Authors: Stefano Perazzelli

Firm: Toffoletto De Luca Tamajo e Soci

The Italian Supreme Court has confirmed its earlier decision that employers can legally use investigative agencies to monitor an employee where the employer has a suspicion of wrongdoing that goes beyond a simple breach of the terms of the employee’s employment contract.The Italian Supreme Court has confirmed its earlier decision that employers can legally use investigative agencies to monitor an employee where the employer has a suspicion of wrongdoing that goes beyond a simple breach of the terms of the employee’s employment contract.

The Italian Supreme Court of Cassation has recently re-examined the question of the legality of employers using investigative agencies to monitor employee conduct, confirming its previous case law.

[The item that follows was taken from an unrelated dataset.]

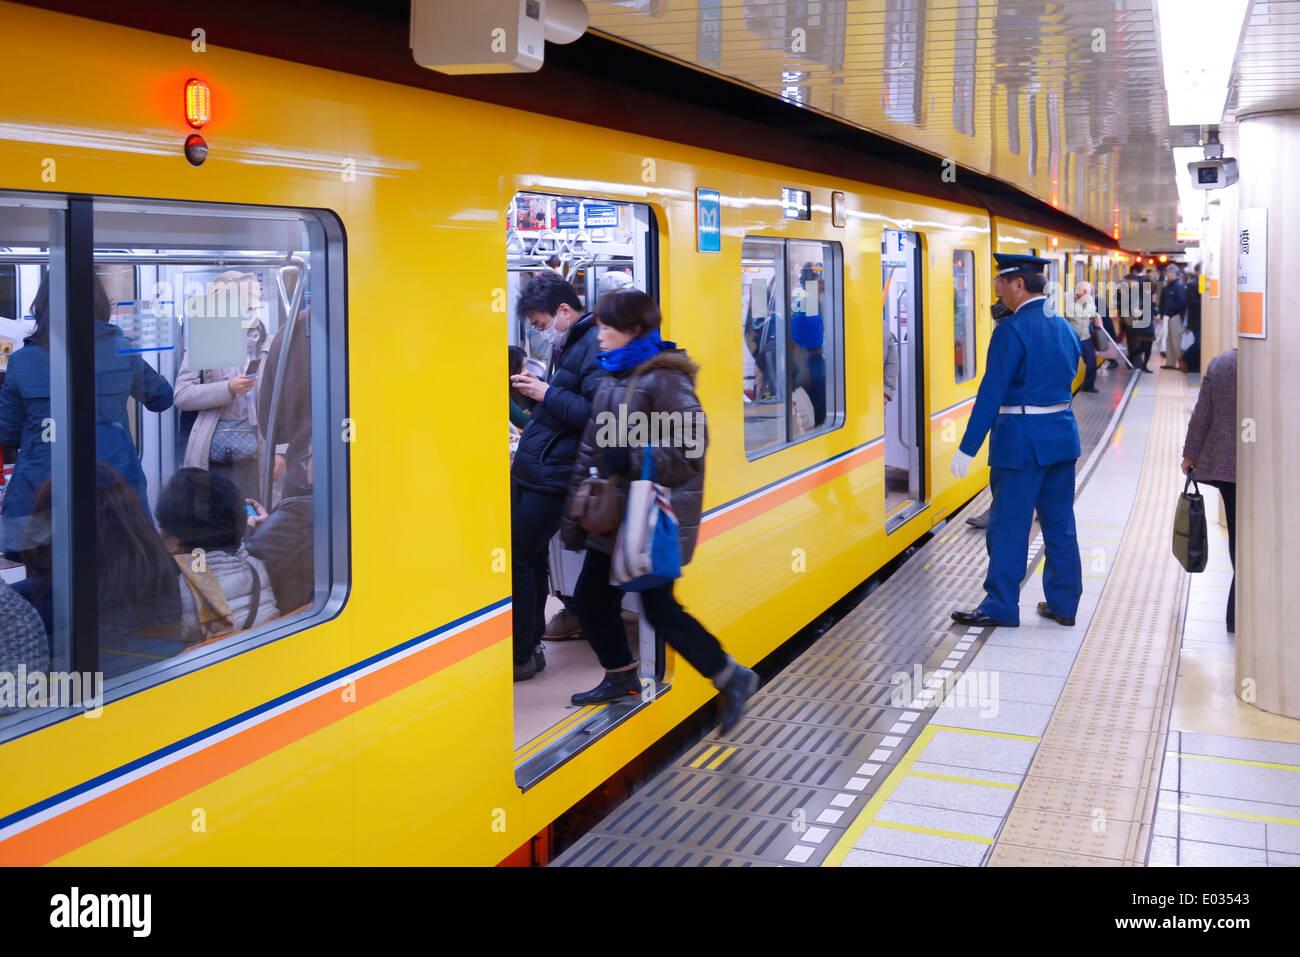 People entering Tokyo Metro subway train on a platform. Tokyo, Japan. Stock Photo
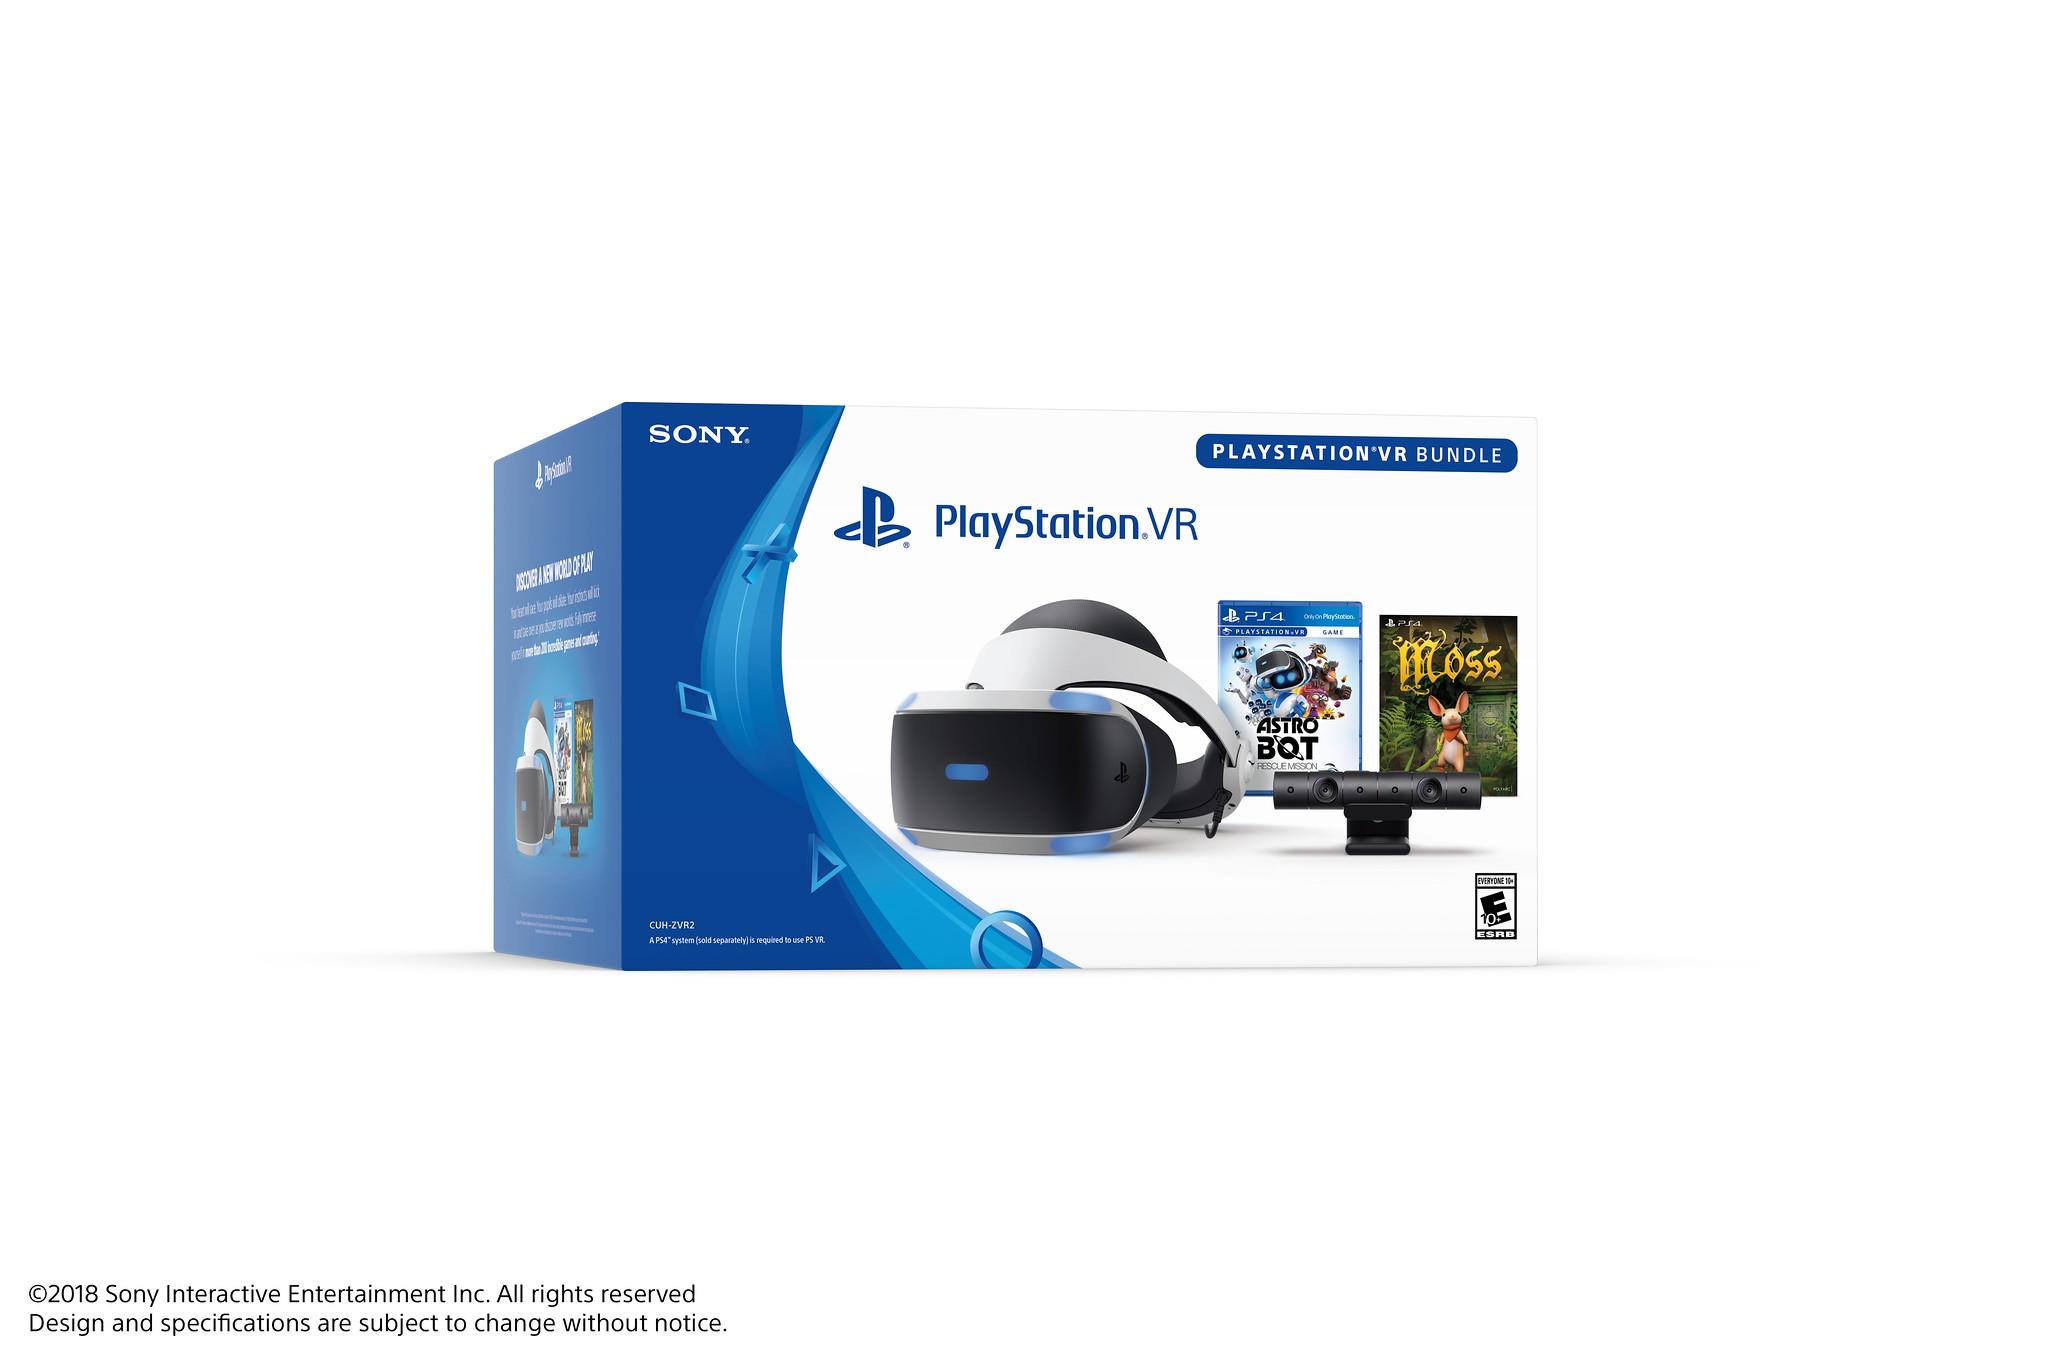 Nuevo Playstation Vr Bundle Llega A Latinoamerica E Incluye Dos

In its judgment of 4 September 2018 (no. 21621), the Court affirmed that, according to Articles 2 and 3 of Law no. 300/1970 (the Workers’ Statute), investigative agencies can lawfully be hired to monitor employees and their actions if the employer suspects that an employee is committing or has committed an offence that goes beyond a mere breach of his or her contractual obligations (this confirms the decision of the Court of Cassation no. 15094/2018). For example, an employer will be acting within the law if, by hiring the investigative agency, it intends to determine whether an employee is performing paid activities for a third party during working hours, or whether an employee is carrying out an activity outside the workplace that violates his or her contractual non-compete obligation, to the detriment of the employer.

Conversely, recourse to investigative agencies is not allowed if it is aimed at ascertaining whether an employee is correctly fulfilling his or her contractual obligations linked to work, or whether he or she has breached them in the past. This is because supervision of work activities is legally the responsibility of the employer (this follows the decision of the Court of Cassation no. 9167/2003). For example, ascertaining whether an employee systematically leaves the workplace during working hours without informing their employer cannot be delegated to an investigative agency: it is the employer’s (and its internal collaborators’) sole responsibility.

Taking the above into consideration, in its judgment no. 21621/2018 the Court of Cassation affirmed the unlawfulness of the dismissal based on evidence from an investigative agency of an employee who, on various occasions, falsified his work attendance record. The employee was able to do so because he was responsible for the system that recorded employees’ work attendance and this conduct was uncovered as a result of investigative activity carried out by a third party agency. Hiring an investigative agency for such purposes breached the employer’s exclusive supervisory responsibility, as set out in Articles 2 and 3 of Law no. 300/1970.